Pet groomers benefit from Europe's growing pet ownership trend — pet ownership increased 18% across the EU between 2020 and 2025. Germany's pet care market is particularly robust. Targeting "pet owner" interest segments on German programmatic CTV platforms delivers efficient reach to an audience with clear recurring service needs.
Fitness studios and gyms should align campaigns with European seasonal rhythms: January (new year), September (post-holiday restart), and the spring pre-season (March–April in northern Europe). Germany's Joyn and the Netherlands' Kijk.nl both offer sports content adjacency targeting that reaches fitness-oriented audiences.
Budget Guidance for European Markets
- Single-city trial: €500–€800/month. Targets one city radius (5–10 km) on one platform. Delivers 25,000–45,000 impressions.
- Regional campaign: €1,500–€3,000/month. Covers a full metropolitan region (e.g., Greater Paris, Munich metro area) with frequency capping.
- Multi-market campaign: €5,000–€12,000/month. Simultaneous campaigns in two or three European markets with localised creative.
For businesses operating in a single country, direct platform buying (RTL+, Joyn, TF1+) is often cheaper than DSP fees. For cross-border campaigns, a DSP (The Trade Desk, Xandr, or StackAdapt) is more efficient.
Common Mistakes in European CTV
Assuming one campaign works across Europe: A German coffee shop audience and a Spanish coffee shop audience have different viewing habits, platform preferences, and messaging sensibilities. Always localise creative per market.
Ignoring language: Running a German-language ad to a French-language audience (or vice versa) in border regions (Alsace, South Tyrol) damages brand perception. Geo-fence tightly to language regions.
Under-budgeting for creative translation: If you expand to a new European market, budget €500–€1,500 for professional translation and voiceover adaptation of your video creative. Machine translation quality is not sufficient for broadcast-adjacent placements.
Conflating GDPR compliance with "no targeting possible": Too many European small business owners hear "GDPR" and assume targeting is impossible. Geographic and contextual targeting is fully GDPR-compliant and highly effective.
Using US-market CPM benchmarks: European CPMs are generally 20–40% lower than US equivalents. Don't assume your US campaign performance data applies to European markets.
Frequently Asked Questions
Do I need a European legal entity to buy CTV advertising in the EU?

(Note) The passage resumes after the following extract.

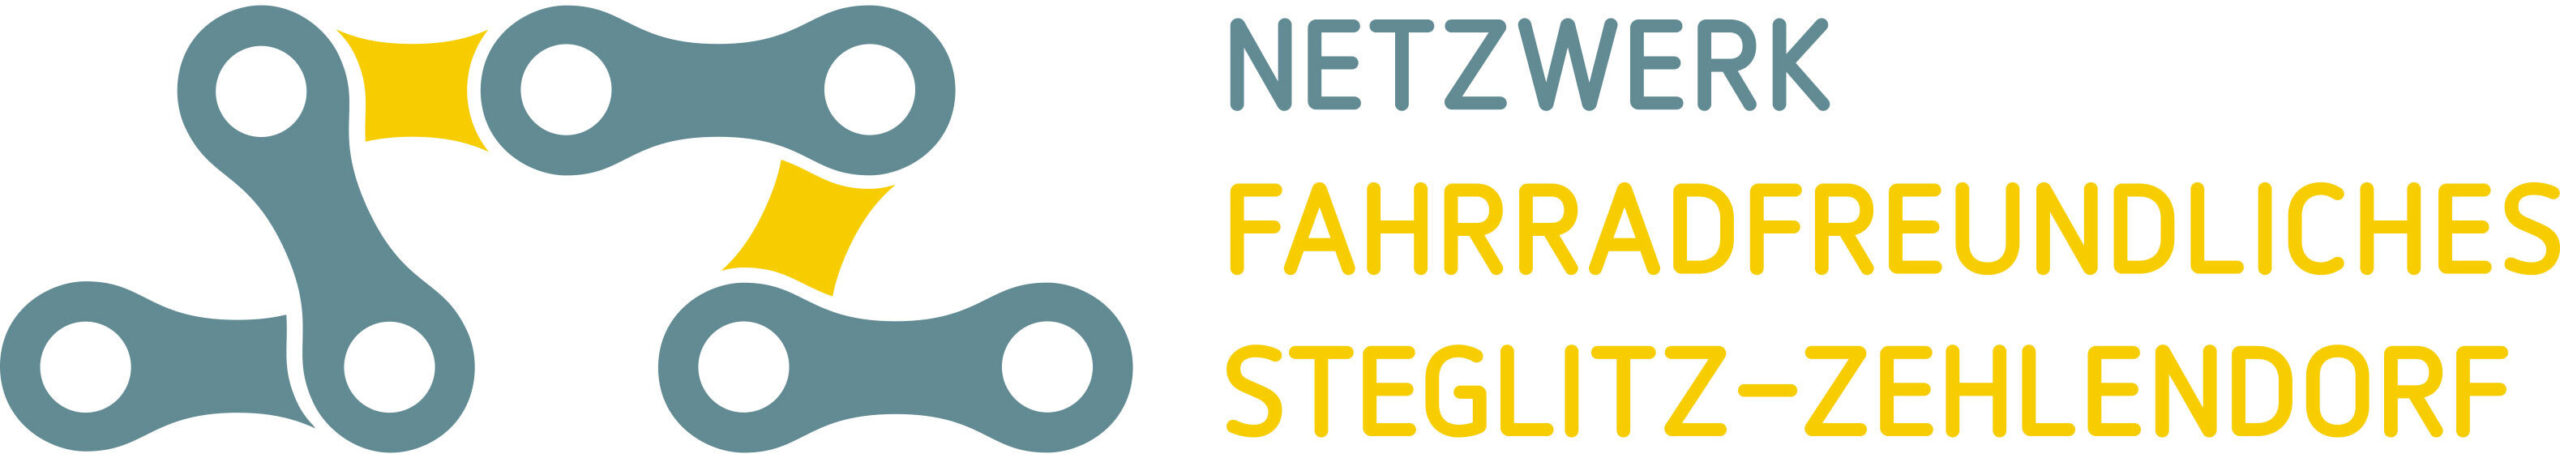 Netzwerk fahrradfreundliches Steglitz-Zehlendorf
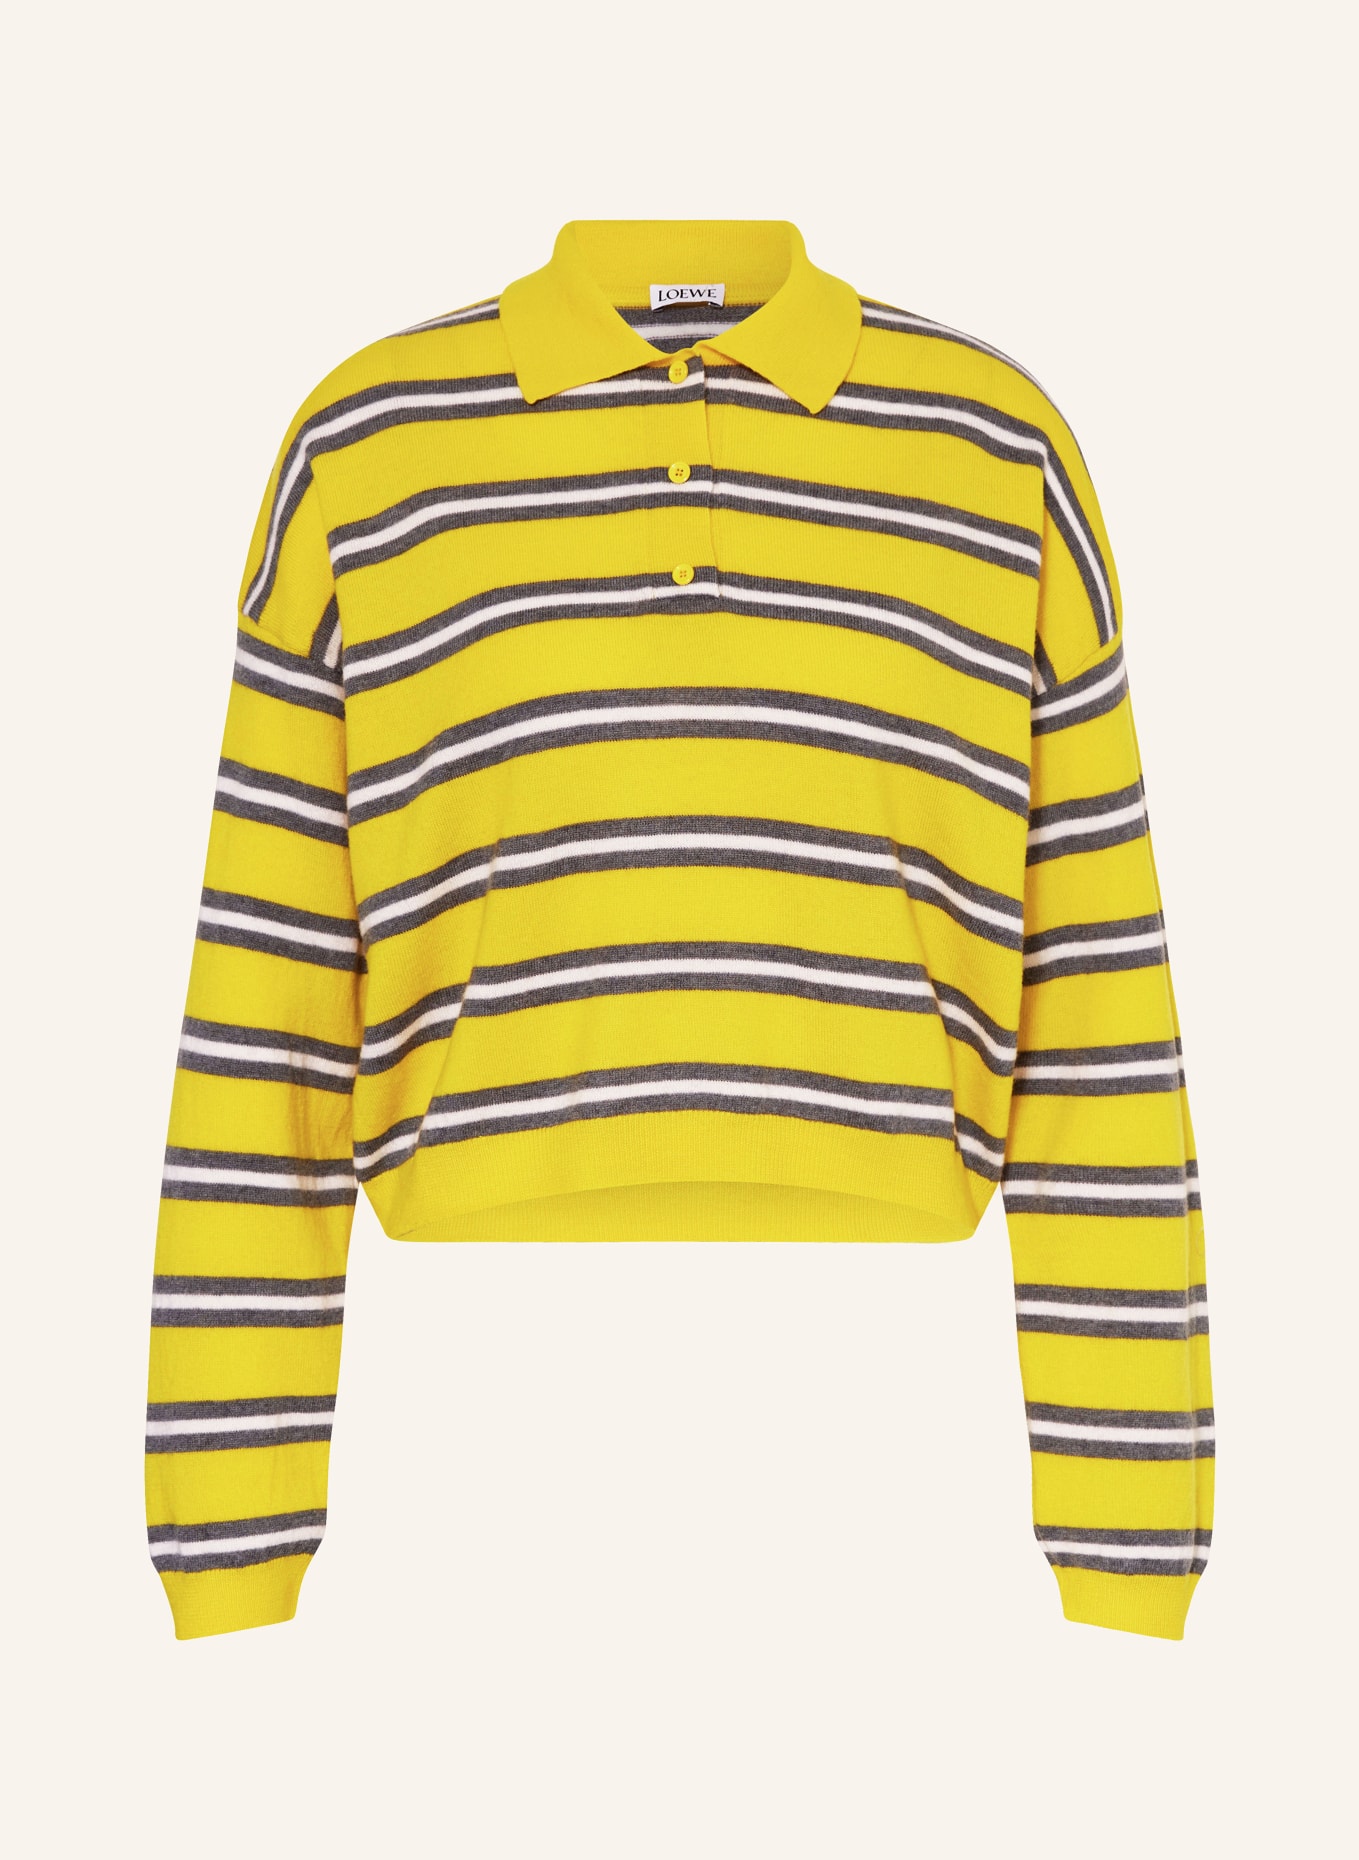 LOEWE Strick-Poloshirt aus Leinen, Farbe: GELB/ GRAU/ WEISS (Bild 1)

No. Many DSPs allow non-EU businesses to buy EU inventory. You do need to ensure your campaign complies with GDPR, but the technical compliance is managed by the platform and DSP on your behalf.
Which European market should I start with as a non-European business?
Germany is the largest and most programmatically advanced market. The Netherlands is the easiest entry point due to English-language business infrastructure and self-serve platform tools. Spain offers the best CPM value for testing.
How granular is geographic targeting in European CTV?
It varies by market. Germany and the Netherlands support postcode-level targeting. France supports département-level (roughly 500,000 population units). Italy and Spain typically support region-level targeting. All markets support city-level targeting.
What creative specs do European CTV platforms require?
Standard specifications: 1920x1080 pixels (16:9), MP4 or MOV format, H.264 codec, stereo audio, 15 or 30 seconds duration. Most European platforms require ads be non-skippable and meet minimum audio loudness standards (EBU R128 normalisation, which is -23 LUFS). Your video production team should be familiar with these specs.